С чем же характерно сравнимы ромашовские писания, каковы их “особые приметы”? Вроде бы сочинял “на исторические темы”, да не достает у него типичной по данной традиции иллюстративной обстоятельности. Предметность воспроизводится не столь пространственно, а большей частью вспоминательно, в отсчете с “точки зрения” главного персонажа И, стало быть, фрагментарно-выборочно, хотя, конечно же, для этого требовалось углубительное вживание во все остальное... Запомнился убедительный угол его комнаты, до окна обставленный стопами книг, пользованных при написании “Диофантовых” и предназначавшихся уже на сдачу букинистам, продажу. Были тут труды не только по античности, а и по первобытному миру, позднейшим эпохам, исследования не только по истории, этнографии, философии...
Знаю, что в юности, затем и в зрелые лета ходил он в археологических экспедициях по родному Прикамью, состоял научным работником краеведческого музея в Березниках. Но и при регулярном историческом осознании в раскопах, экспонатах, думаю, занимали его не столько признаки прошлого, сколько знаки общного-извечного. В произведениях Ромашова постоянно взаимодействуют три времени. Если в привычной истерической беллетристике воспоминания последовательными объемами чередуются с картинами из Среды основного описываемого, то у Ромашова памятные отображения часто перестраиваются и сплошь перебивчаты моментами возврата к меняющемуся исходному измерению. Даже в “Осташе”, где события, казалось бы, тянутся календарно по замкнутой округе пермской глубинки, обязательны из уст ли ведущего героя, других участников перепады то в мифологическую древность, то в нарочито мифологизированные летописные или церковные предания. Ну а с третьим “хронометром”, сквозящим в любой ромашовской строке, наличествует сам сообщающий и осмысляющий это автор.

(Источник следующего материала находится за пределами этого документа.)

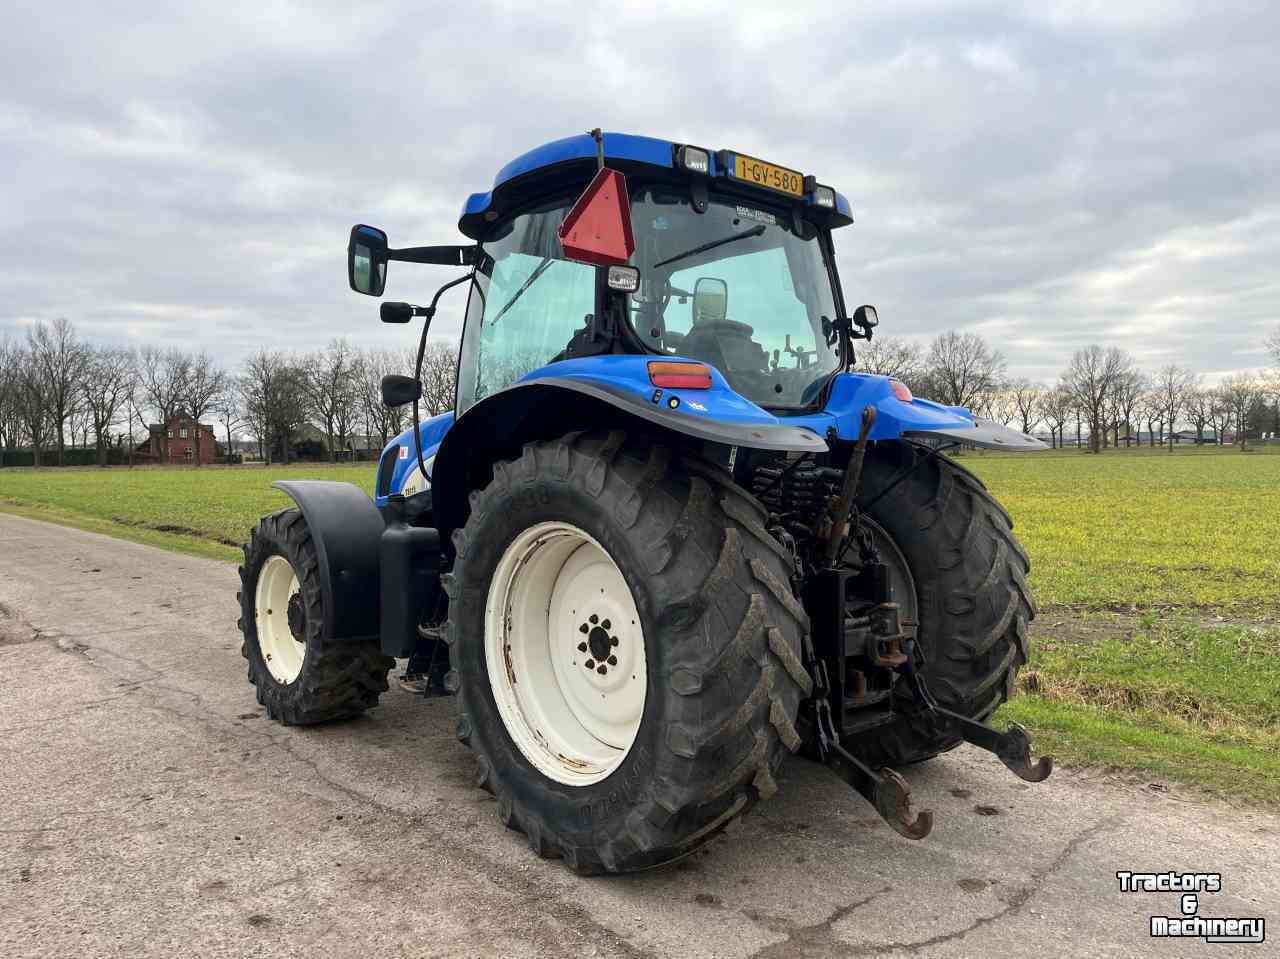 Schlepper / Traktoren New Holland TS115A

Говорилось, что язык его прозы необычайно близок к поэтическому. Знаю, что Андрей Павлович сочинял и стихи, хотя никогда не печатал, мне лично не показывал, не произносил. По трем его повествованиям прозаические пласты прорежаются непременными стихотворными цитатами — из античного наследия, русского фольклора, первобытных песенных заклинаний. Они образуют специфический слой, исполняя, на мой ум, “хоровые партии” голосового медитационного раскачивания ради общего продвижения. Подозреваю, что здесь не только отрывки из соответствующих источников, есть и элементы авторских стилизаций, интерпретаций, да поместно изыскивать не берусь... Слышал по поводу его письма определения “прозрачное, кристальное, филигранное” — Ромашов был единственным встреченным мною писателем, кто не стучал на пишмашинке, а вырисовывал свои страницы ясным почерком, не терпя малейших помарок, — то есть очень много раз перерисовывал, кажется, что эта “словесная чистота” затвердила свою пробу и в типографских наборах. А предельная смысловая концентрация его скупых эпитетов на вес также соответствует поэзии, и если в параметрах прозаических тексты представляются малопротяженными, то в стиховых обсчетах обретали бы формы, весьма объемистые.
Впрочем, когда говорится о “стихах в прозе” или о “лирической прозе”, всплывает ощущение акварельности, но тогда уж линии Ромашова скорее сопрягаемы с графикой. И если нужно как-то понятийно определить то, что он написал, стало быть, это творения художественно-философские. Мне не доводилось наблюдать других литераторов, столько бы уделявших внимания собственно философским проблемам, следивших бы за новейшими книжными поступлениями, статьями в ученых журналах. Глядя, как ненаскоро выводит он окончательные листы своих произведений, думал, значит, работа настоящего писателя состоит не в том, чтобы постоянно писать, а в том, чтобы мыслить... Но нет, однажды запозднились, говоря, и остался у него ночевать, а проснувшись поздно, удивился, что он уже с утра успел проконспектировать то ли этнографический сборник, то ли статистический справочник по Пермской губернии тысяча восемьсот которого-то года... Штудируя попутные материалы, полнил выписками с примечаниями многие общие тетради, блокноты.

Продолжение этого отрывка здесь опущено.